Recommender Systems

A Recommender System aims to find and suggest items of likely interest based on the users’ preferences

Types

There are various types of recommender systems, each with their own pros and cons.

Terms

There are various terms that are used in this branch of study which we will come across frequently.

Noun	Desc
Long Tail	Business strategy of selling niche products to many customers
Cold Start	A new user does not have any available data, so we can't make a personalised recommendation
Serendipity	Recommend an item that a customer likes, even though is not sought by them
Implicit	Directly given, e.g. user input rating
Explicit	Inferred data from e.g. page-views, purchases etc.
Sparsity	Recommending items in the long tail is hard as there are very view user ratings

Explicit vs Implicit Data

While it might be good to have explicit data to build a recommender, they can come with its inherent problems.

Very sparse - users tend to be lazy, often don’t bother to rate
Users may not always tell the truth? E.g. Influenced by peer/friend opinions
May not be available at all if no system in place to collect them
Watching what the user actually does (e.g. what they view or buy) may be more reliable / accurate than ratings

Hence, we might want to consider using implicit data at times. However, we need to note that they often do not come with a like or dislike scale, but rather just a degree of like (e.g. number views to a page).

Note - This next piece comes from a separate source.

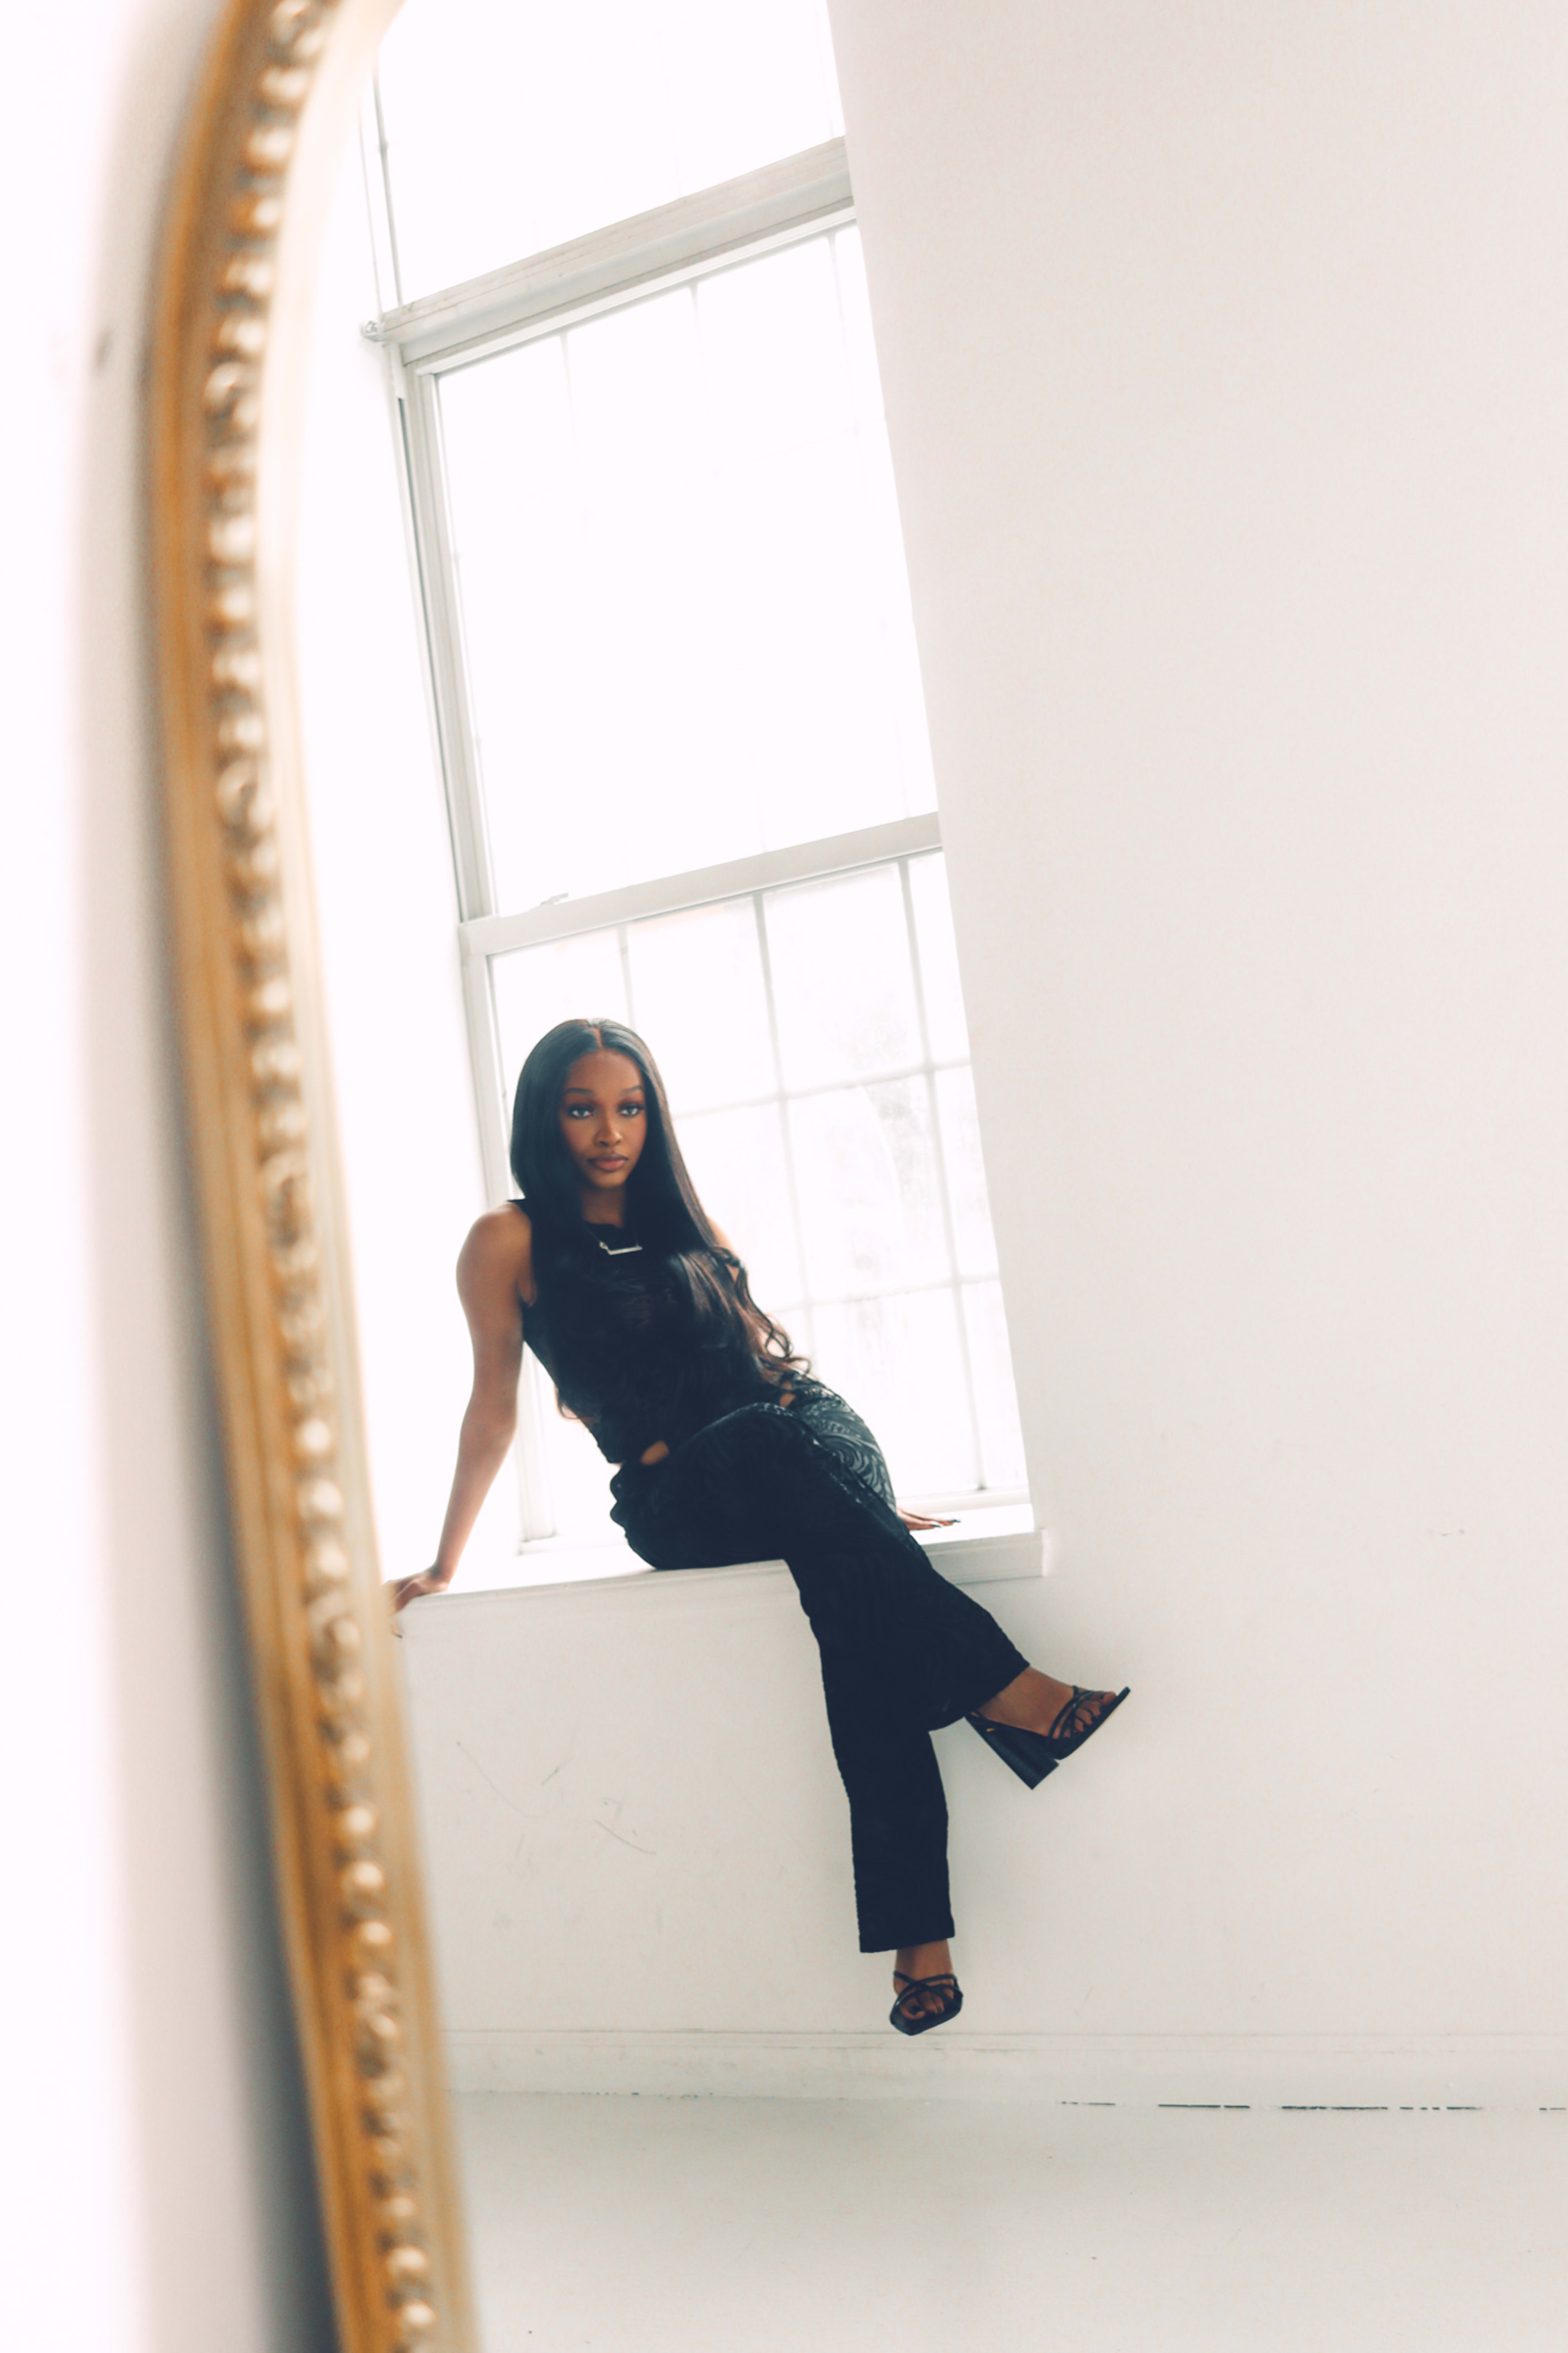 A minimalist photoshoot of a woman sitting on a black ledge in front of a white mirror.

We usually treat implicit data as a binary, e.g. a purchase = like. However, we will not be able to use Cosine Similarity (since it will always be 1), but rather Jaccard Similarity as a result.

Dealing with Big Data

Recommender Systems often have huge data that requires preprocessing or manipulation. Below are some of the ways to achieve it.

User Sampling - e.g. only choose active users
Item Sampling - e.g. cut off "super" long tail items
Item Categorisation
Use a different Algorithm, e.g. Item-CF, instead of User-CF if too many users

Evaluation

Mean Absolute Error (MAE) calculates the absolute error of the recommendation.

Mean Average Precision at K (MAP@K) is done by calculating the MA of number of relevant items within the top K recommendations.

Lift calculates the number of hits of the model at top K, over the number of hits at random.

Mean Percentage Ranking (MPR). MPR < 50% means better than random guess.